▸ What you will do
Without including any pictures, give back all of the data exactly.

▸ Provided material
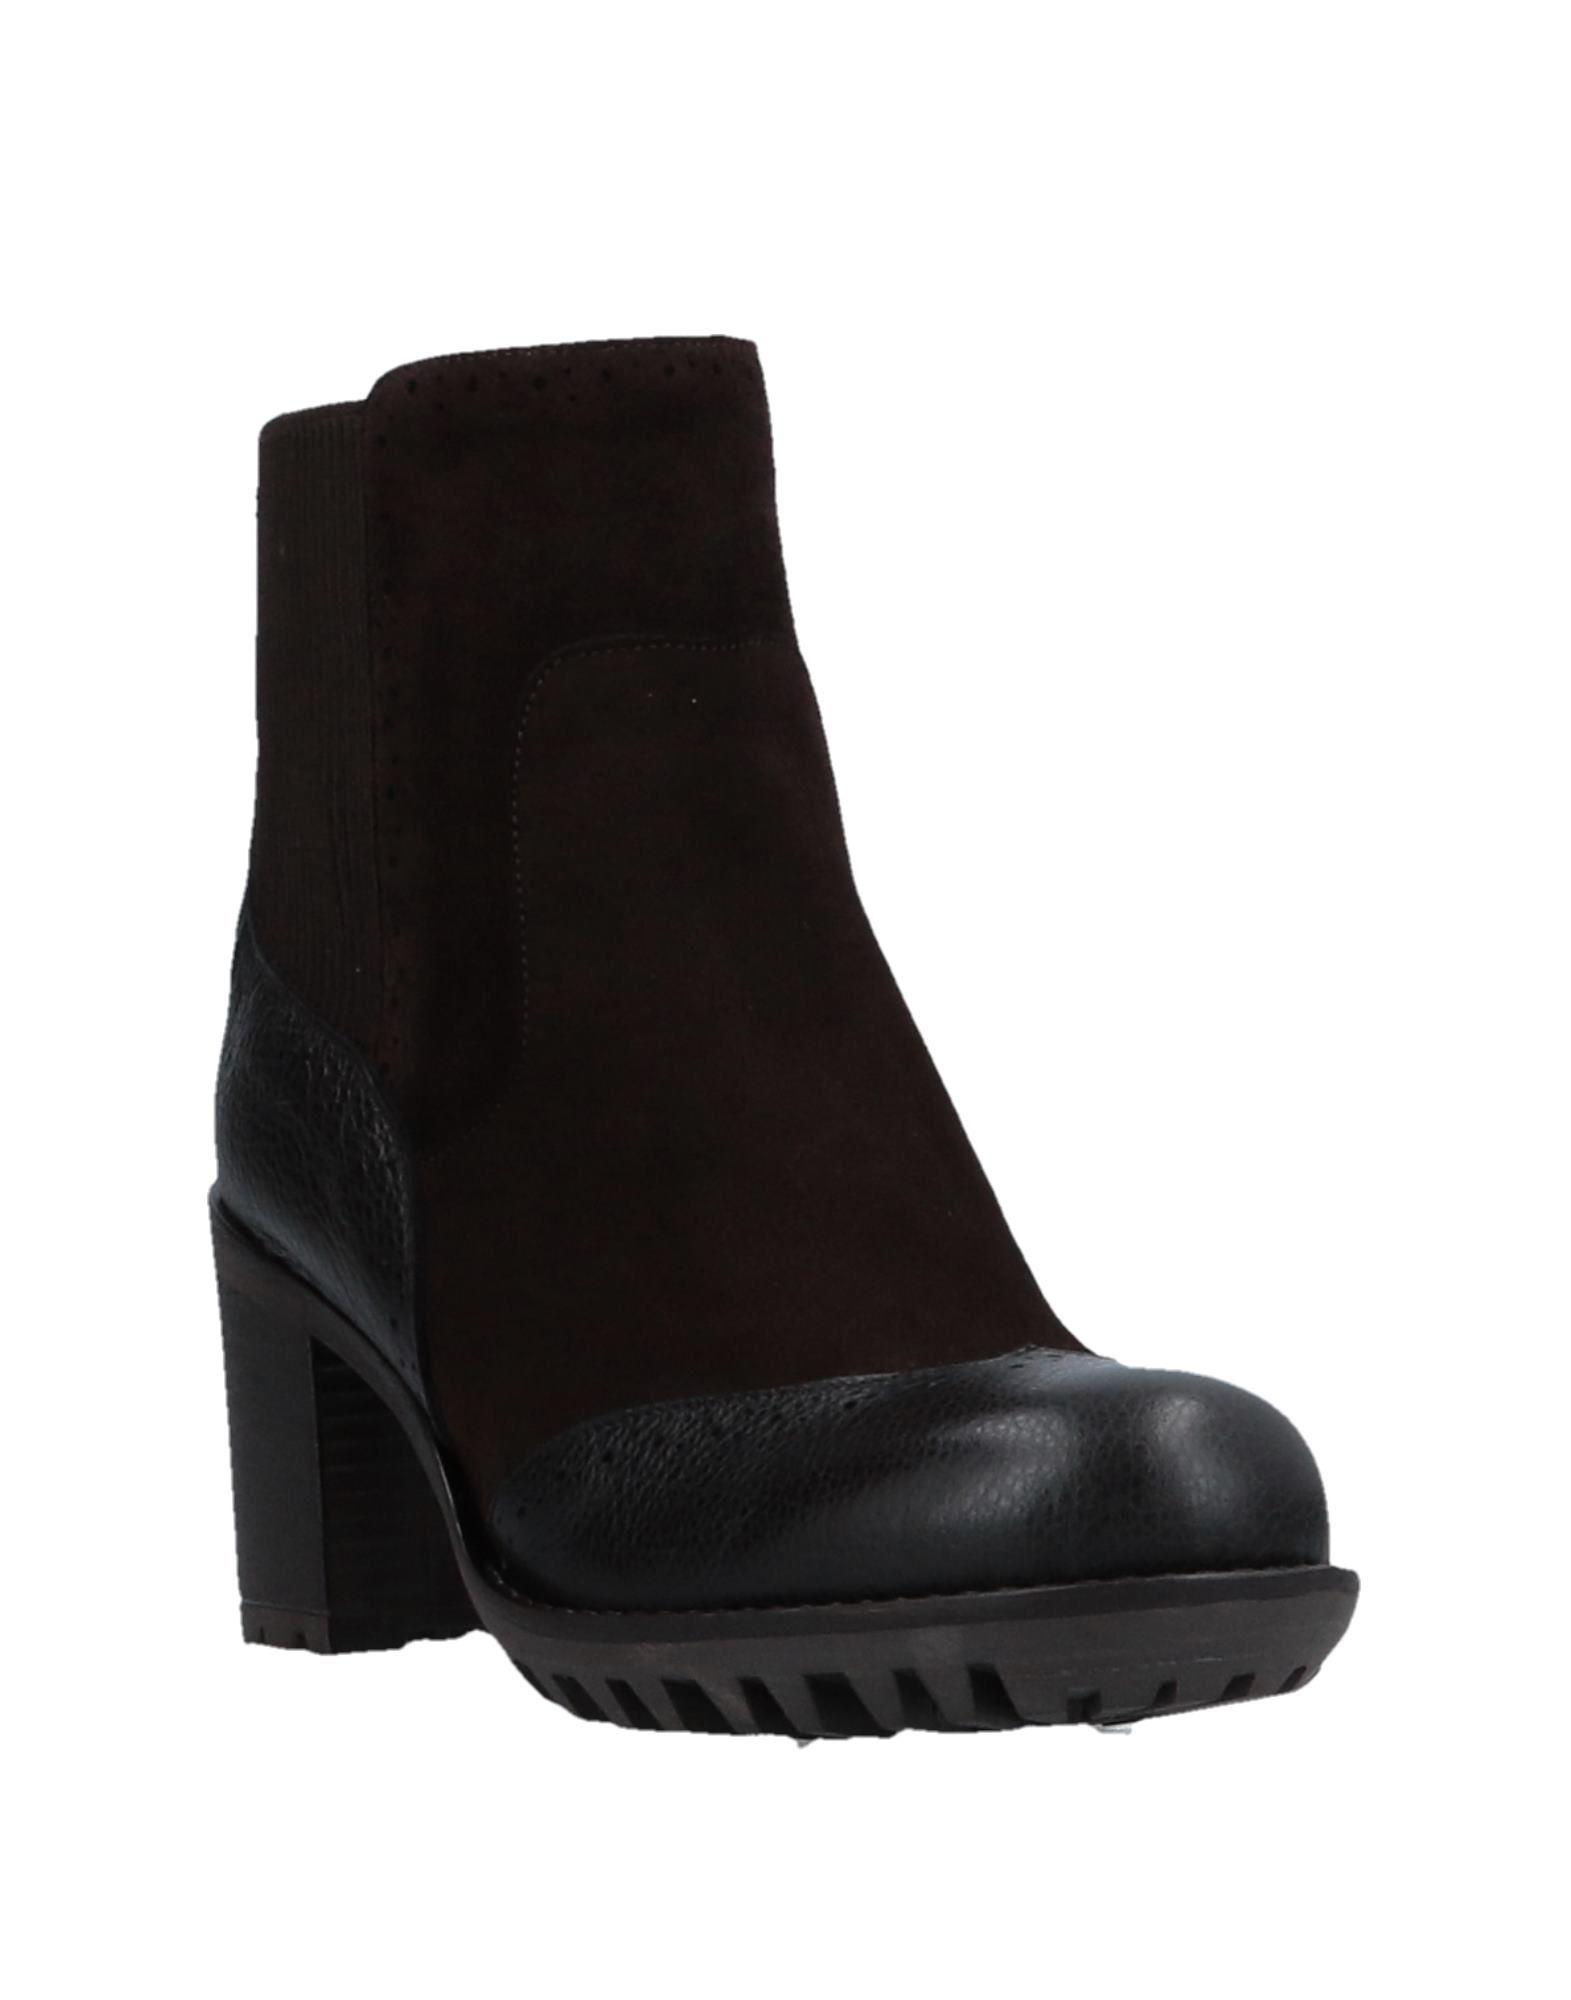 Stilvolle billige Stiefel Schuhe Fiorangelo Chelsea Stiefel billige Damen  11510677CF a97a8a
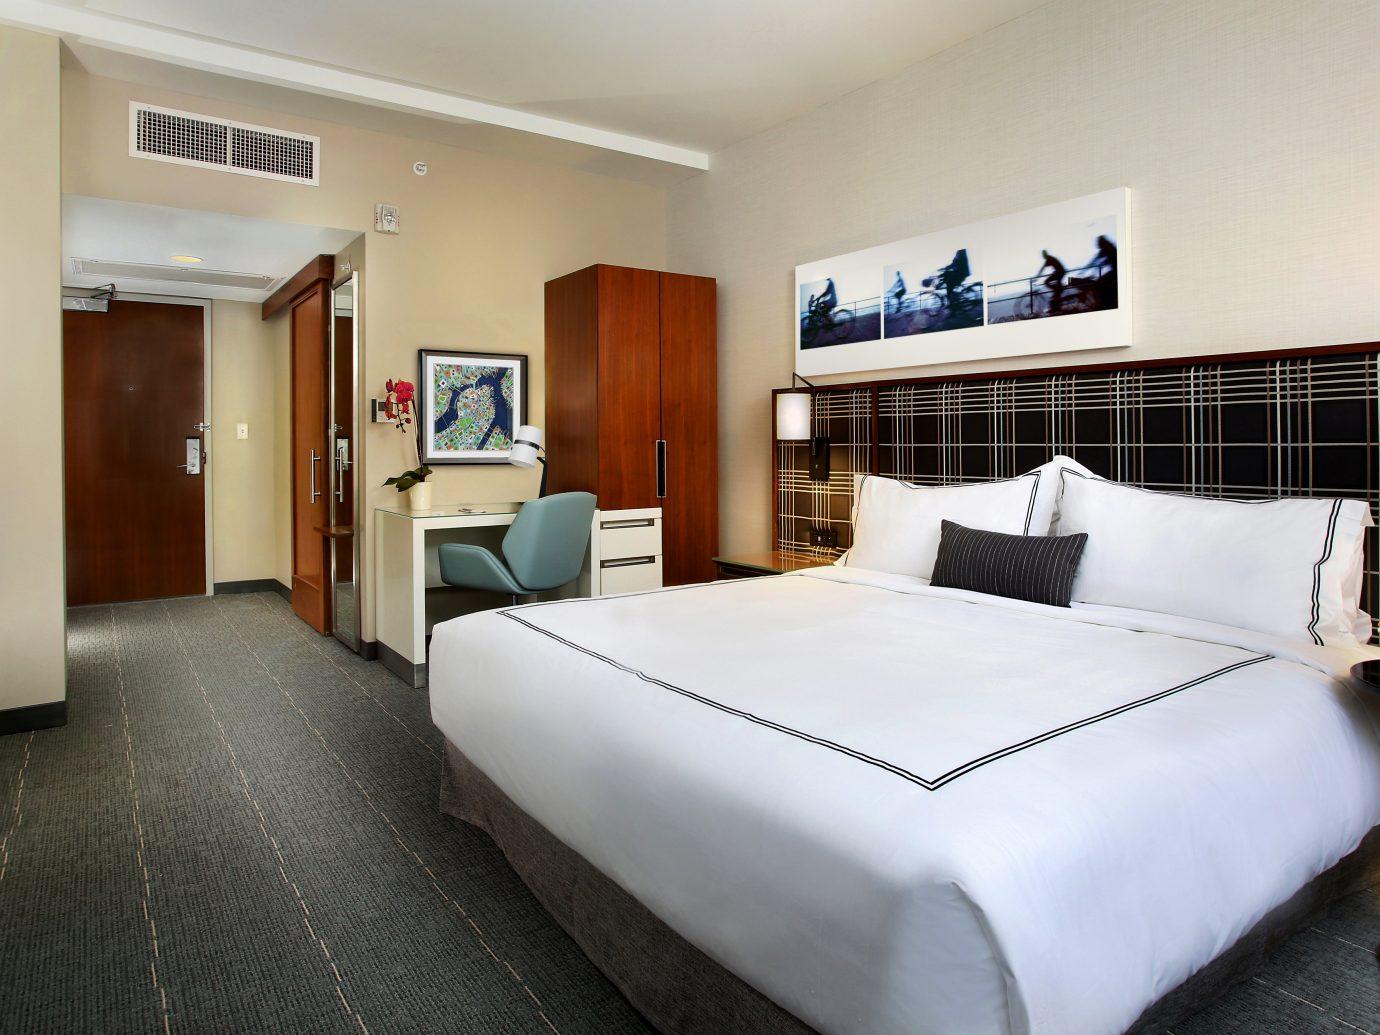 Bedroom Hotels Luxury Modern Suite indoor wall bed floor room ceiling property hotel estate real estate cottage interior design condominium apartment furniture
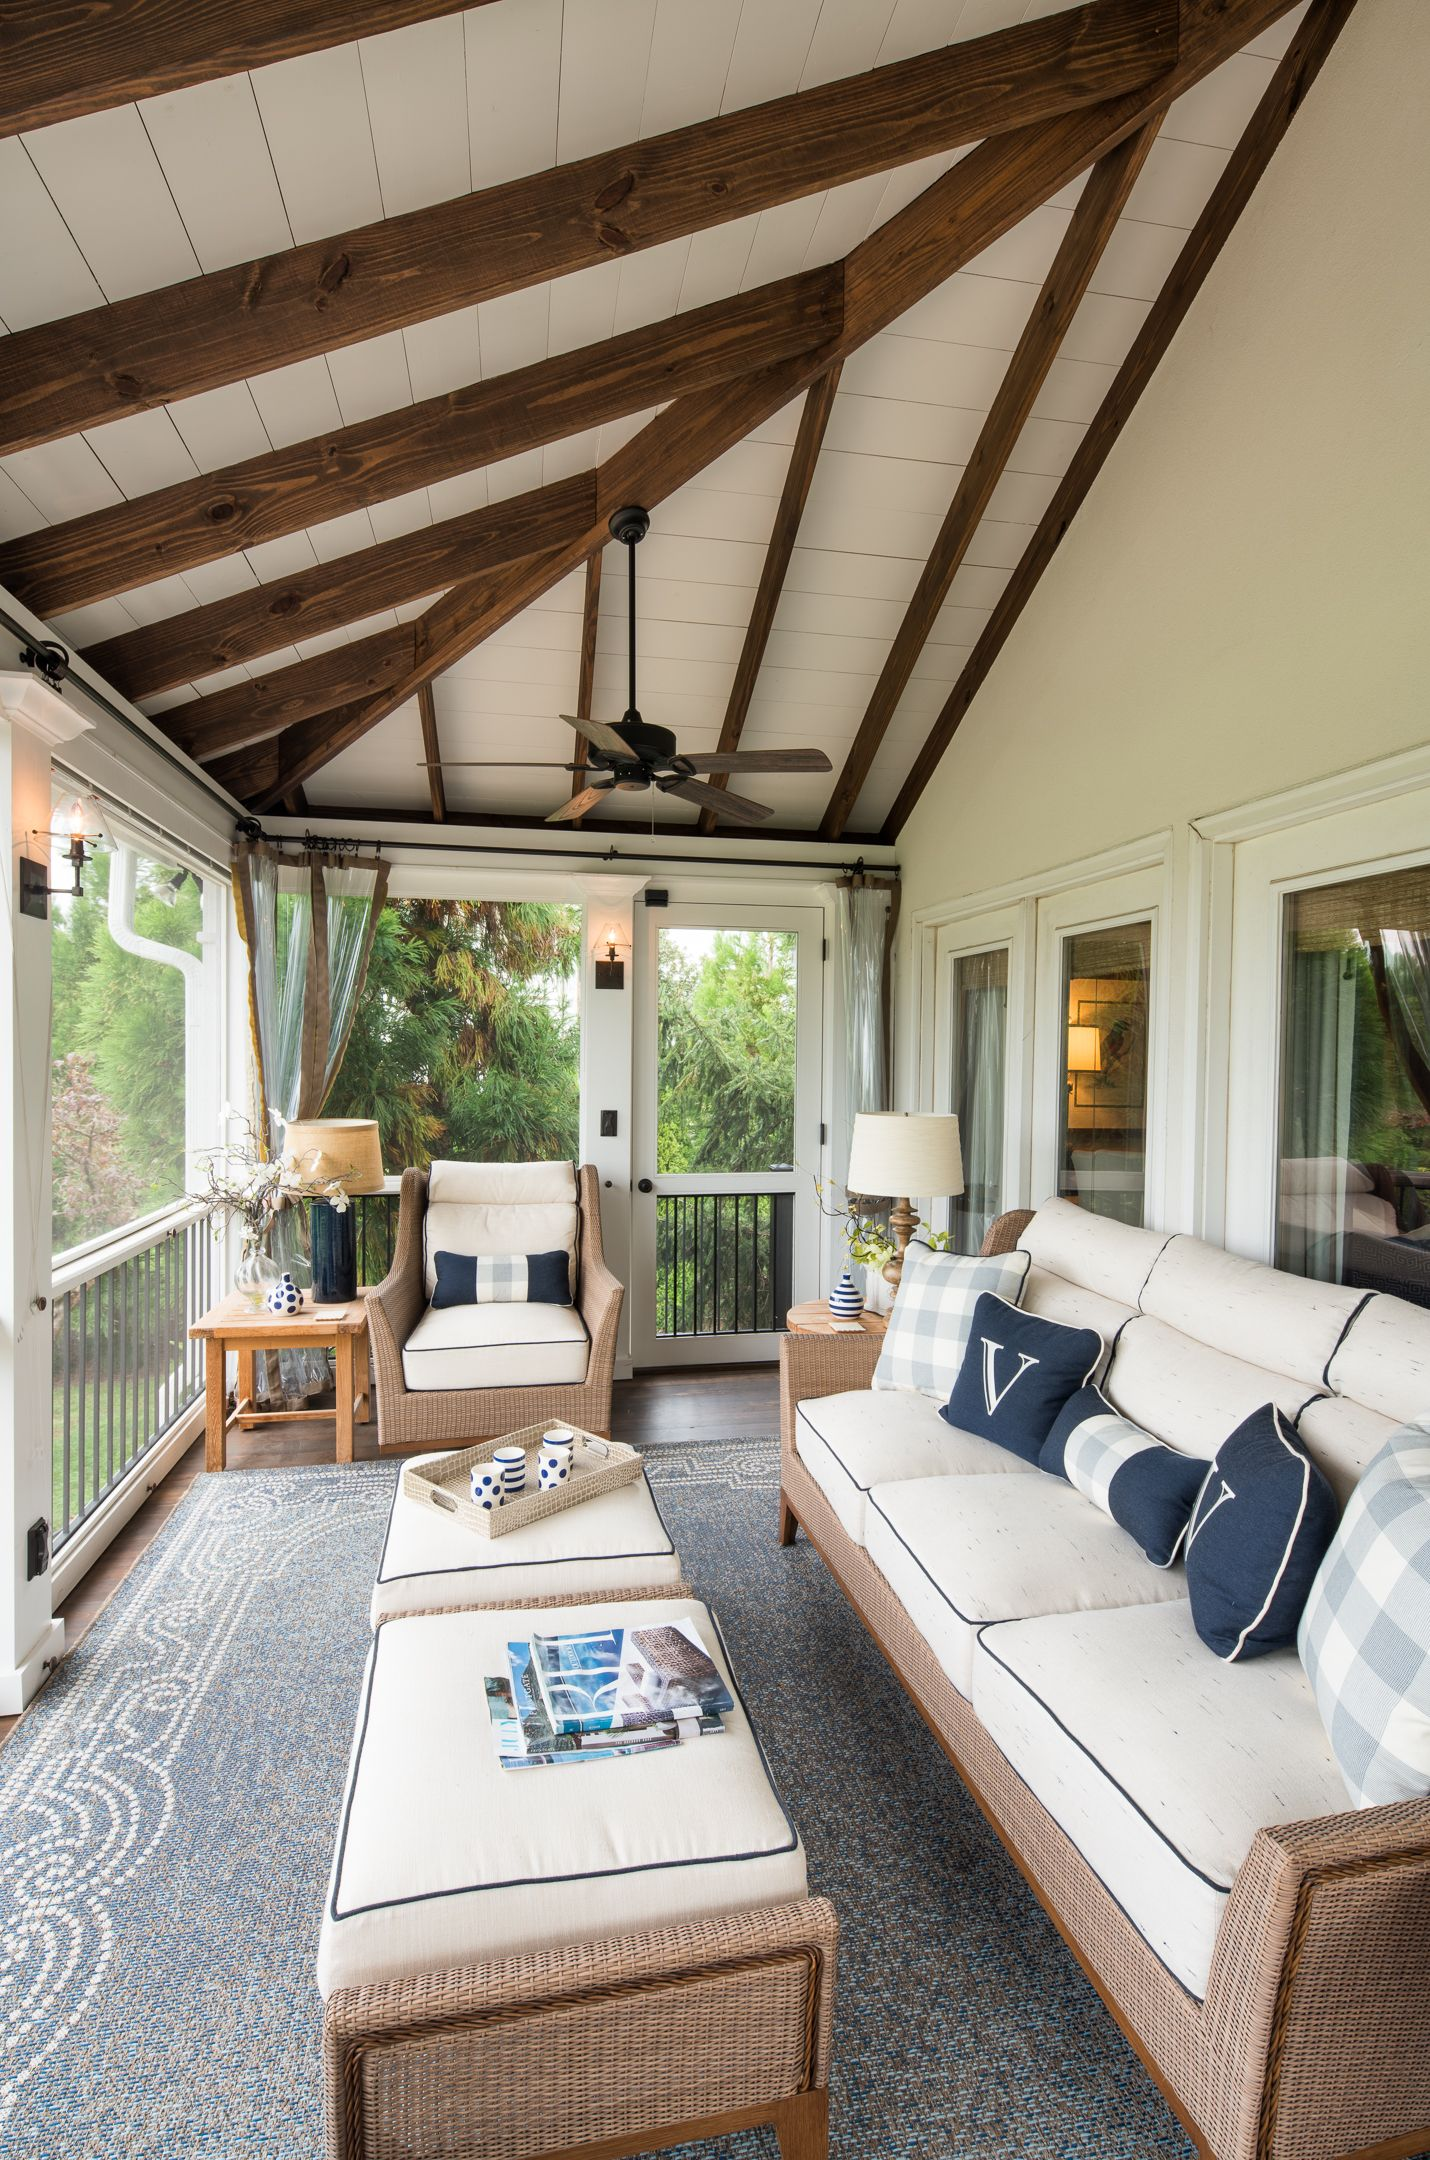 Pin de Carolin Ses en muebles para jardin | Pinterest | Muebles para ...

▸ Reply to the task
 Stilvolle billige Stiefel Schuhe Fiorangelo Chelsea Stiefel billige Damen  11510677CF a97a8a
 Bedroom Hotels Luxury Modern Suite indoor wall bed floor room ceiling property hotel estate real estate cottage interior design condominium apartment furniture
 Pin de Carolin Ses en muebles para jardin | Pinterest | Muebles para ...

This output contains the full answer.